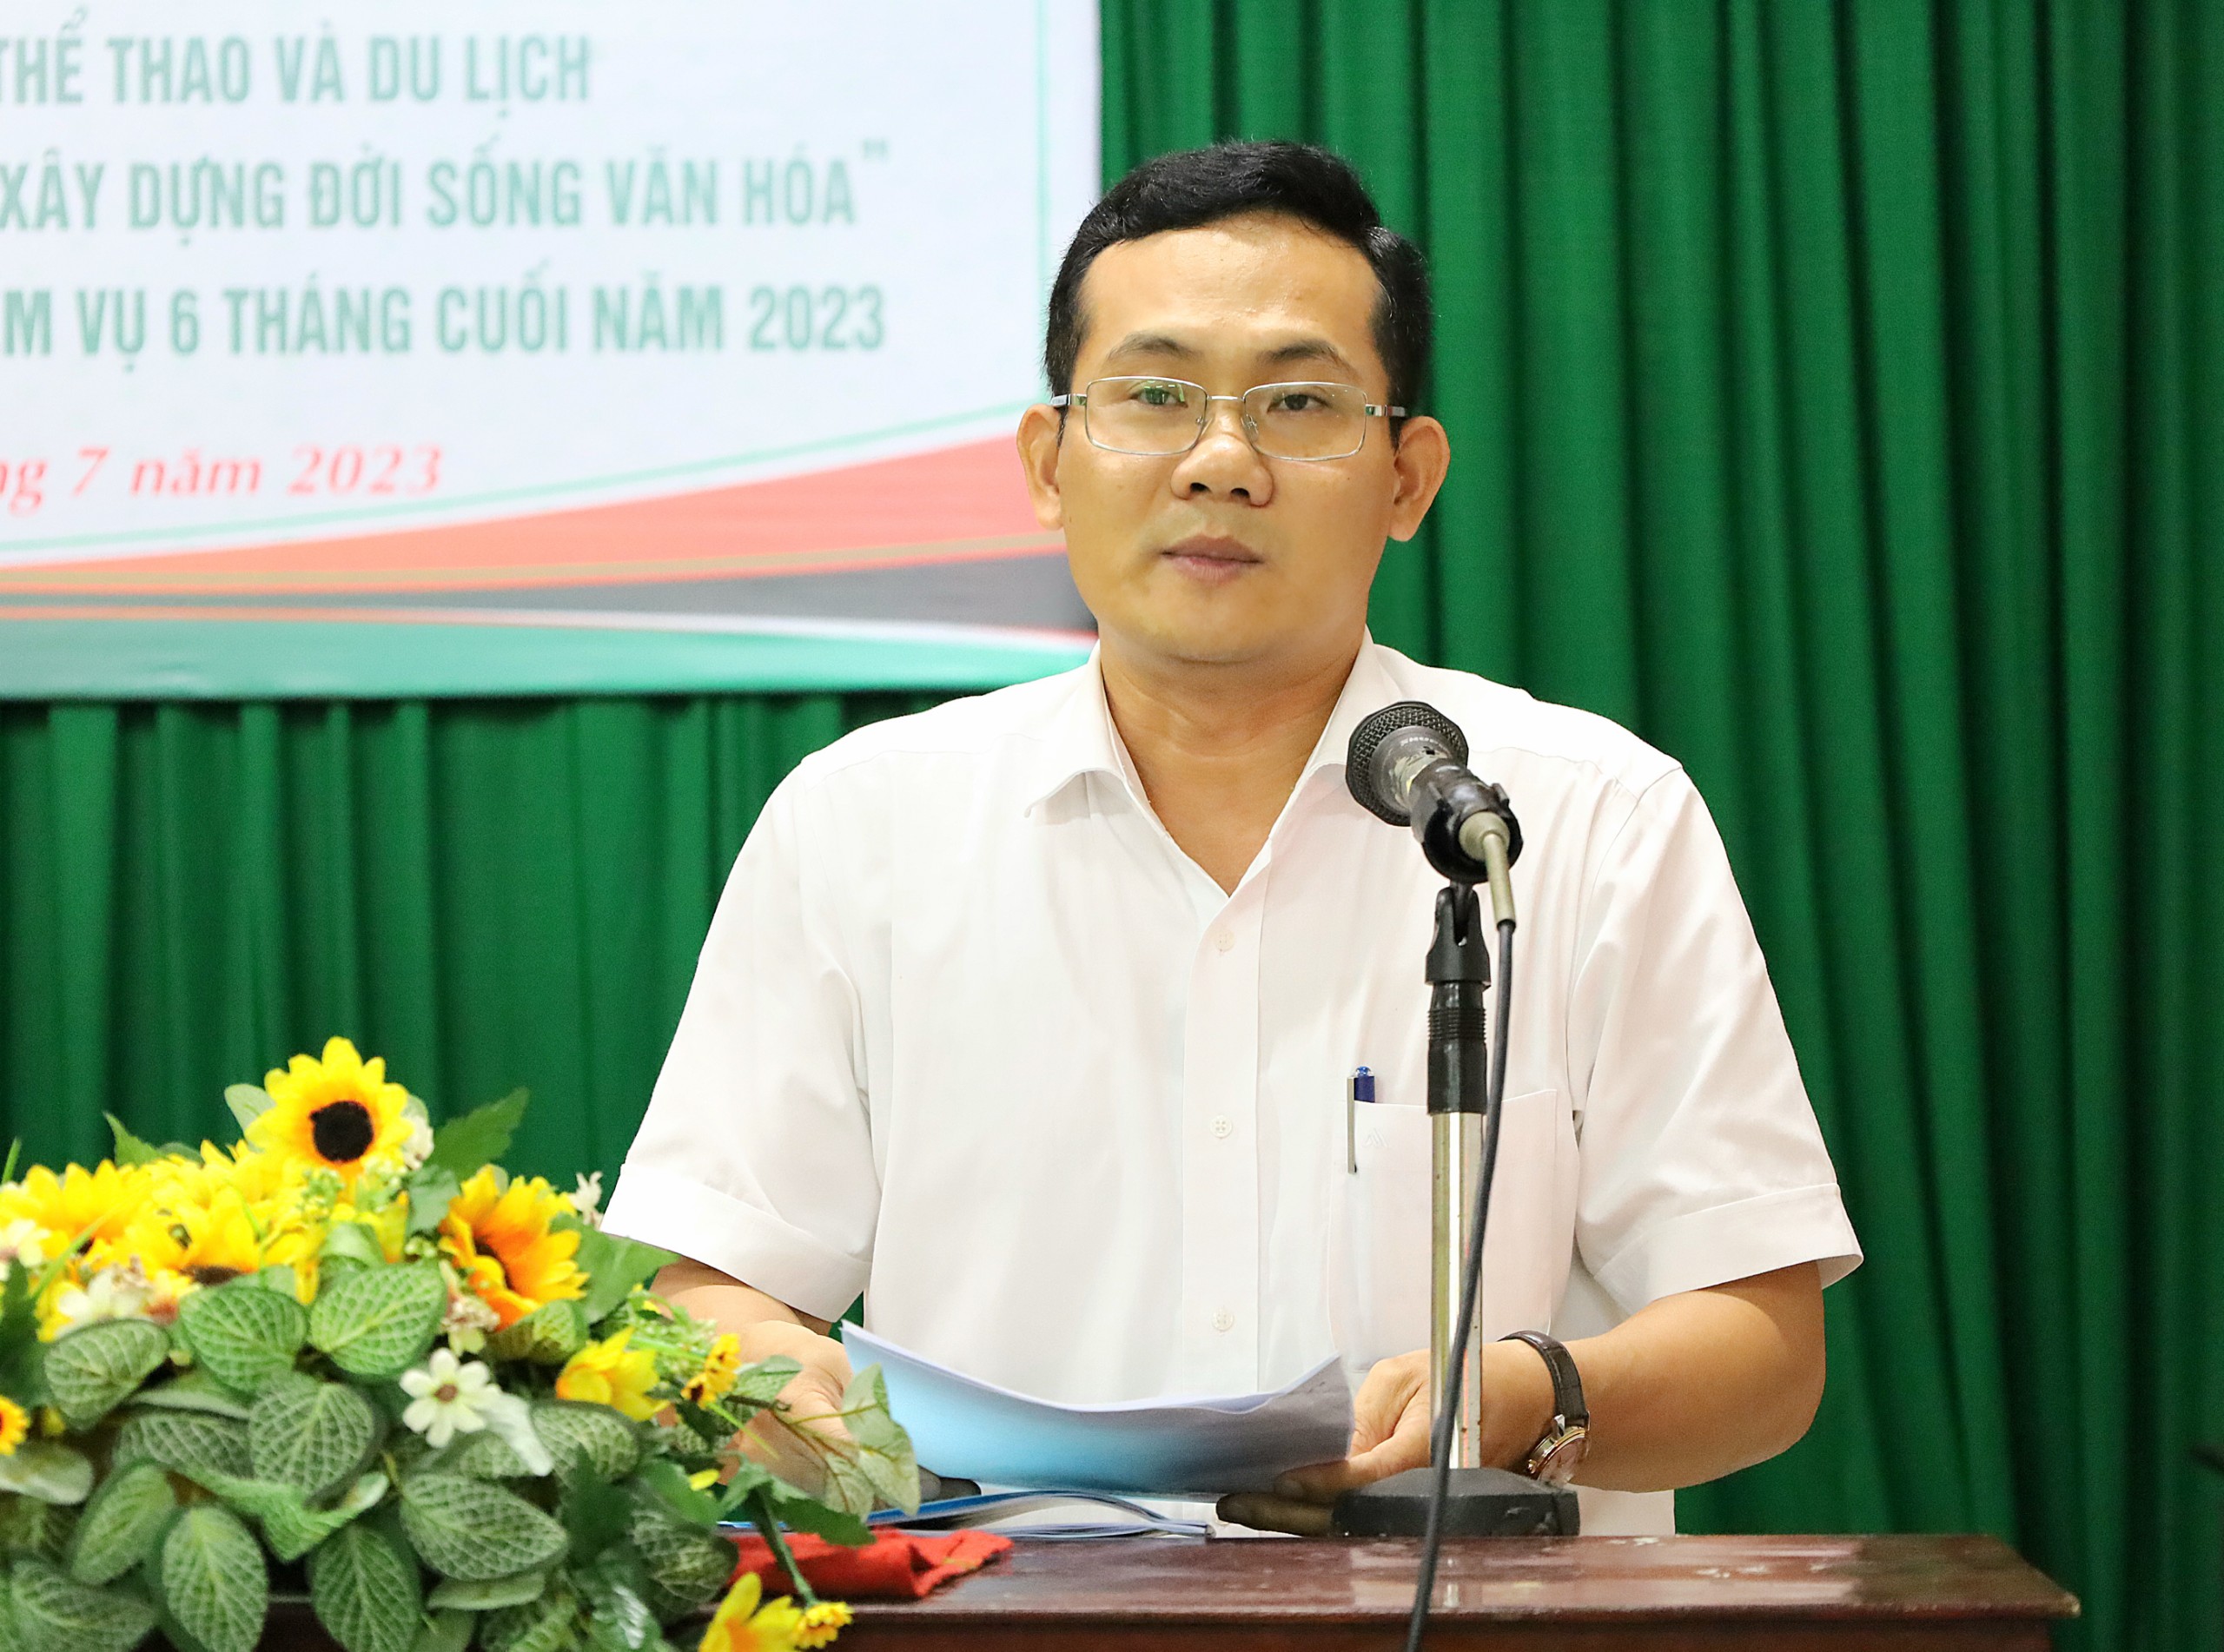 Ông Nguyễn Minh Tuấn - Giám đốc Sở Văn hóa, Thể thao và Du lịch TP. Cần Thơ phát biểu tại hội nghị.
################
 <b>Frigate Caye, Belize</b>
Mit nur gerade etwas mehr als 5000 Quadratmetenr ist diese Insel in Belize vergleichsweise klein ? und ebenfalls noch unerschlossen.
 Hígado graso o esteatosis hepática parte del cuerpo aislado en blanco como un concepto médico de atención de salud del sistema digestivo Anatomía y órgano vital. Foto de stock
################
◆ About this task
Of the entries above, repeat exactly the lines between the line with "<b>Frigate Caye, Belize</b>" and the line with "Hígado graso o", inclusive, and no others.

◆ Result below
 <b>Frigate Caye, Belize</b>
Mit nur gerade etwas mehr als 5000 Quadratmetenr ist diese Insel in Belize vergleichsweise klein ? und ebenfalls noch unerschlossen.
 Hígado graso o esteatosis hepática parte del cuerpo aislado en blanco como un concepto médico de atención de salud del sistema digestivo Anatomía y órgano vital. Foto de stock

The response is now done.